Employees in the Middle East and Africa have a new ‘worth it equation’ – here’s what they now want from work

Tired young woman works from home

The working world has reached yet another major inflection point. Businesses across the Middle East and Africa (MEA) have been “on the cusp” of hybrid work for more than a year. And now, leaders across the region find themselves with an entirely new challenge: the lived experience of hybrid work.

Each year, Microsoft’s Work Trend Index provides a data-driven analysis of our rapidly changing world. Combining insights from studies of thousands of people, trillions of productivity signals in Microsoft 365 and labor trends on LinkedIn, the Index has become a benchmark for organizations looking to thrive in an era of uncertainty.
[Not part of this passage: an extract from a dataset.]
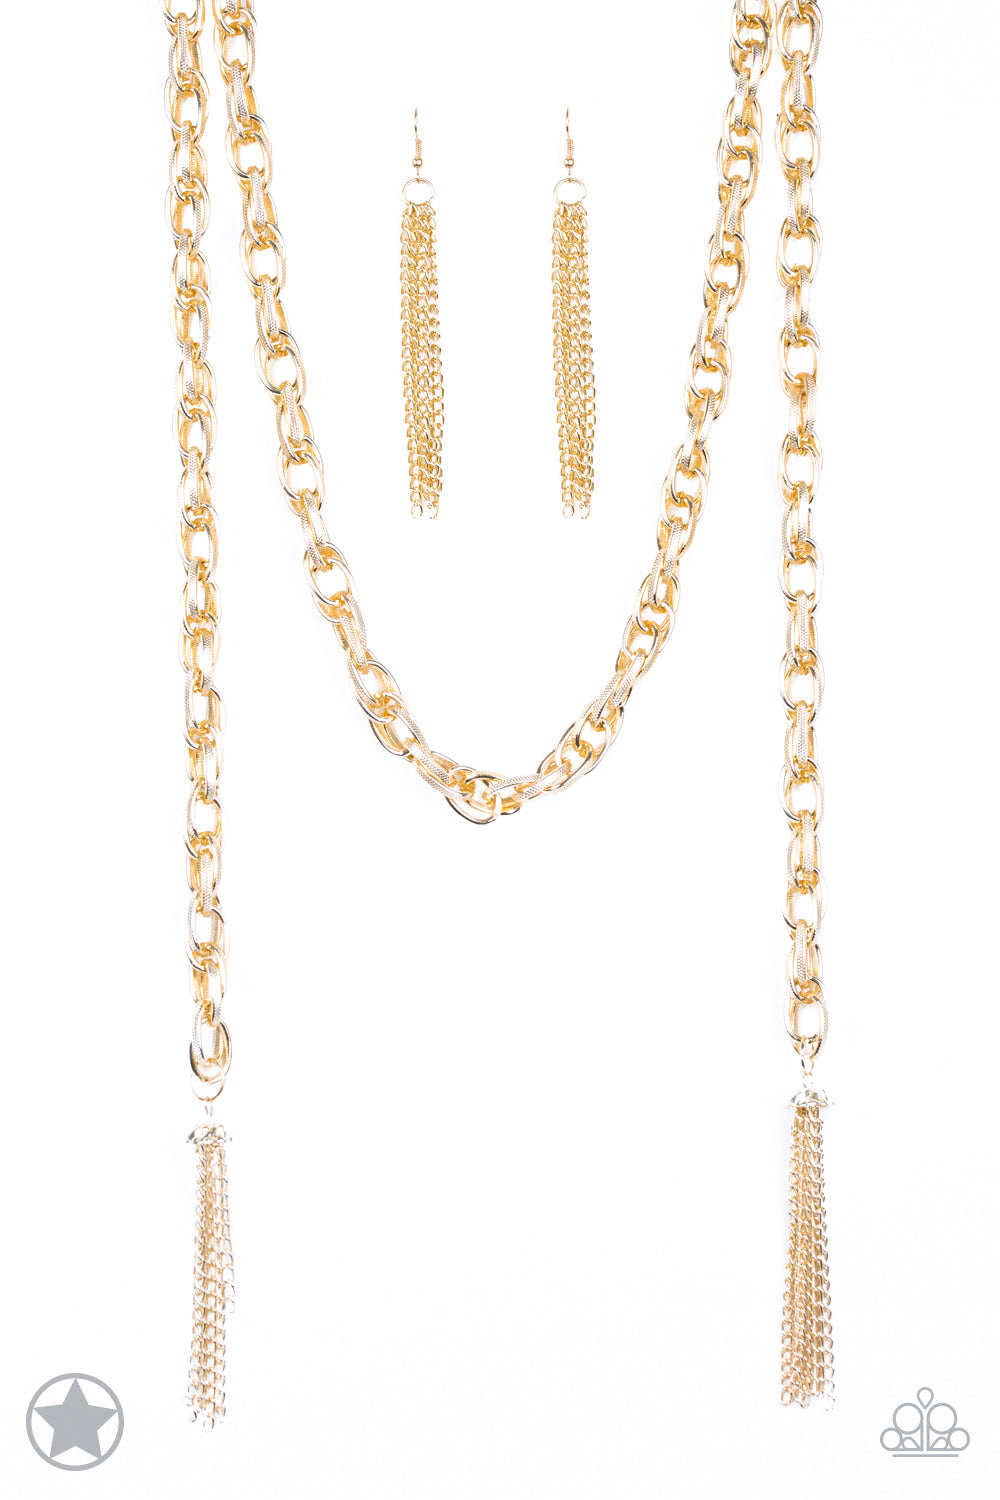 Paparazzi Accessories Scarfed for Attention - Gold Blockbuster Necklaces - Lady T Accessories

Results from the 2022 Index confirm we are not the same people that went home to work in early 2020. The past two years have fundamentally changed how people, businesses and even governments view the role of work in our lives. In fact, just recently the UAE became the first country in the world to introduce a four-and-a-half-day workweek.
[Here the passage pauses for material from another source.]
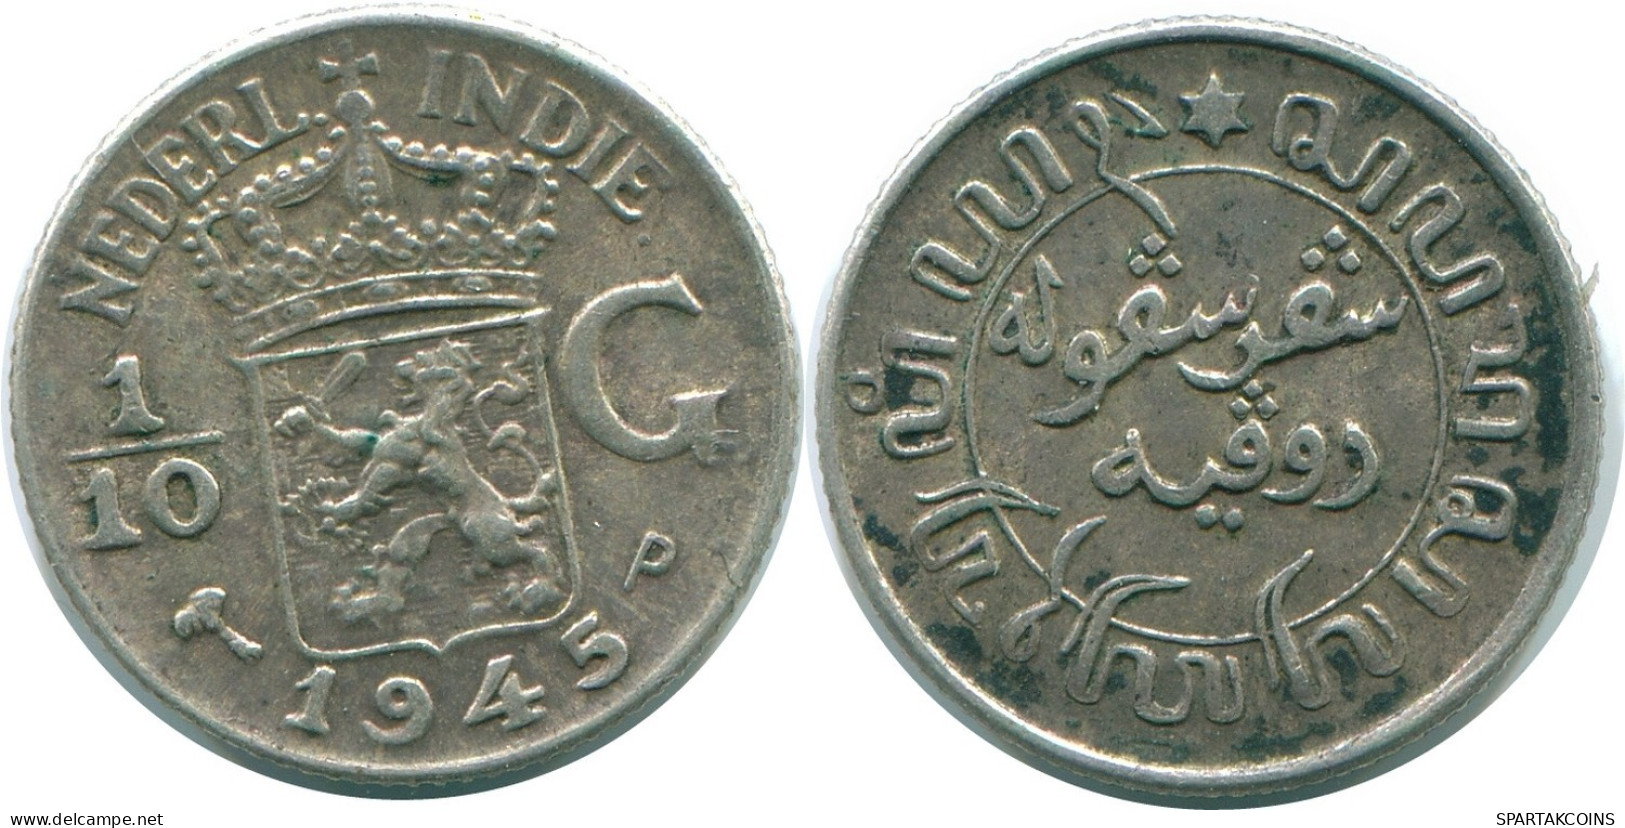 1/10 GULDEN 1945 P NETHERLANDS EAST INDIES SILVER Colonial Coin #NL14194.3.U.A - Indes Neerlandesas

We have reached significant new milestones in working history and many people have taken the opportunity to reevaluate what’s important to them and what’s not. What employees want from work and what they are willing to give in return has changed. According to the 2022 Work Trend Index, this new phenomenon is called the “worth it equation”. And people who feel their employers are not balancing this equation are voting with their feet.

Employees are acting on newfound priorities and achieving a better-work life balance is one of their key considerations. In fact, it’s estimated more than half of professionals across the region are prioritizing a new job in 2022. People in MEA are among the most unhappy in the world, with employees indicating they are very stressed on a daily basis, and on evaluating their current lives, most feel they aren’t thriving.

As a result, new personal resolutions are emerging in the region’s workforce. Second only to saving money, employees are looking to exercise more, follow healthy diets and spend more time with friends and family. Some people also want to start taking more vacations.

In short, employees are increasingly going to prioritize their health and well-being over work. A rising number of people are actively looking for hybrid work and flexible schedules. Already some employees who have been told to return to the office full-time have quit. One of the biggest reasons for this is that people are tired of the unnecessary commute. Findings show employees are happier to stay home and spend more time with their families.

For employers in MEA meeting these new employee expectations will require a significant mindset shift. The challenge ahead for every organization is to adapt to changing employee priorities while still balancing business outcomes in an unpredictable economy.

Views of productivity are changing and no longer tied to e-mails sent or hours worked. In fact, according to the Work Trend Index, most employees feel it’s important for employers to reward impact over hours worked. Shifting focus from activities to impact is key to offering employees true flexibility.

To help businesses create a new, flexible operating model—spanning people, places, and processes—Microsoft has created a Hybrid Workplace Flexibility Guide. In it, leaders will find sample team agreements, templates, and tools for hybrid work. There are also detailed plans that encompass everything from strategies to keep employees healthy, to exact roadmaps for how to divide people’s time between a physical or remote workplace.

The Great Reshuffle is far from over. Employees everywhere have a new “worth it equation” and will actively seek out new employment if their current employer can’t meet their expectations. The best leaders will create a culture that embraces flexibility and prioritizes employee wellbeing—understanding that this is a competitive advantage to build a thriving organization and drive long-term growth.